Use a normal approximation to find the probability of the indicated number of voters. In this case assume that 119 eligible voters aged 18-24 are randomly selected. Suppose a previous study showed that among eligible voters aged 18-24, 22% of them voted.
The probability that fewer than 32 of 19 eligible voters voted is=
To find the probability using a normal approximation, we'll first calculate the mean and standard deviation.
Mean (μ) = np = 119 * 0.22 = 26.18
Standard deviation (σ) = √(np(1-p)) = √(119 * 0.22 * 0.78) = √(21.5884) ≈ 4.65
Now, we will find the z-score for 32 voters.
z = (x - μ) / σ = (32 - 26.18) / 4.65 ≈ 1.25
Using a z-table, we find the probability for a z-score of 1.25 is 0.8944. However, we want the probability that fewer than 32 voted, so we'll find the complement.

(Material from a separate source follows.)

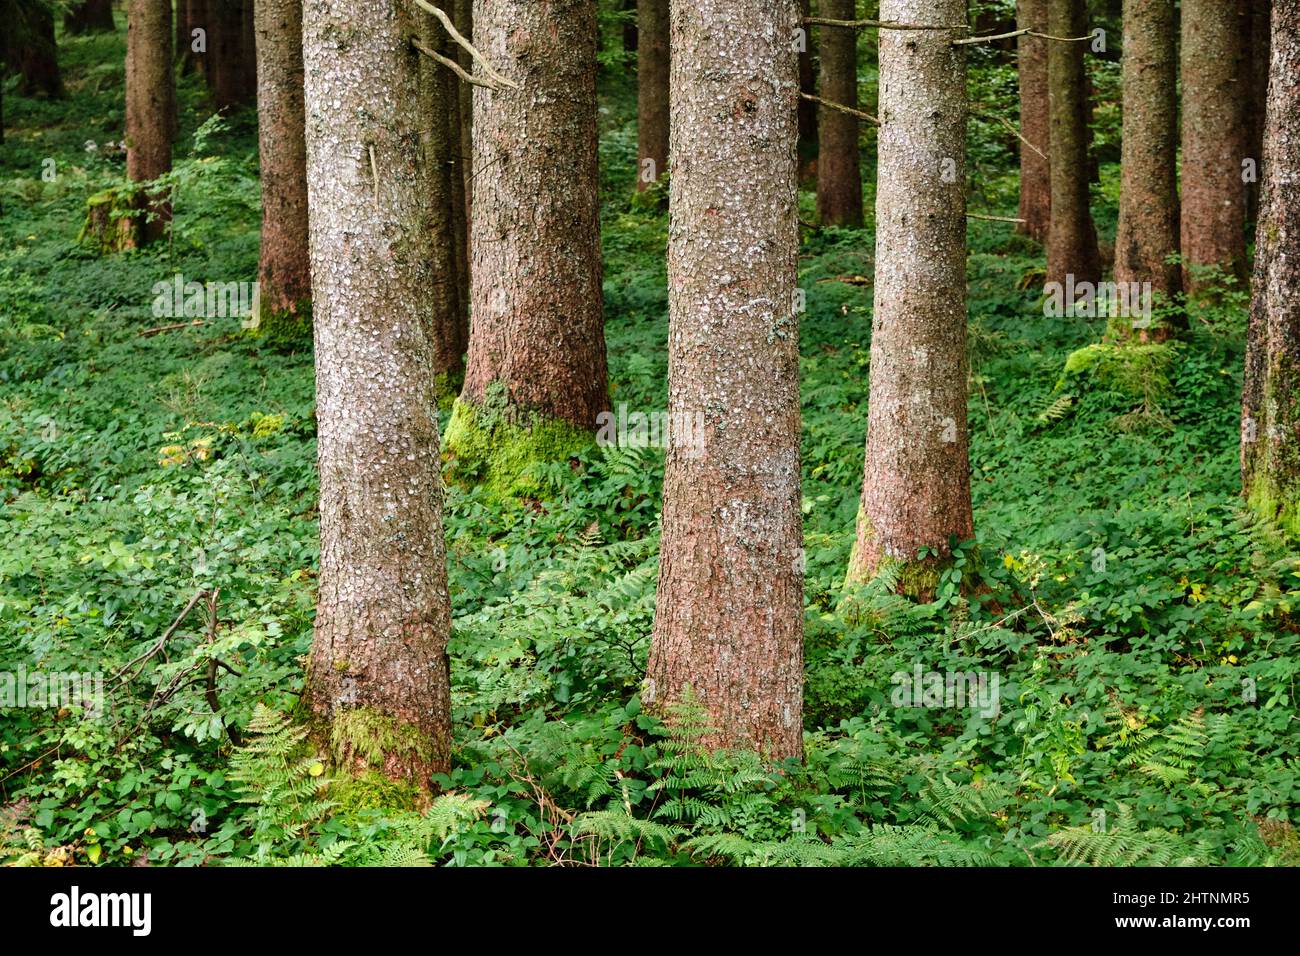 Baumstämme in einem Wald mit grüner Vegetation auf dem Boden Stockfoto

P(x < 32) = 1 - P(x >= 32) = 1 - 0.8944 = 0.1056
Thus, the probability that fewer than 32 of the 119 eligible voters aged 18-24 voted is approximately 0.1056 or 10.56%.
To find the probability that fewer than 32 of 119 eligible voters aged 18-24 voted, we can use a normal approximation. This approximation relies on the Central Limit Theorem, which states that for a large enough sample size, the sampling distribution of the sample mean can be approximated by a normal distribution.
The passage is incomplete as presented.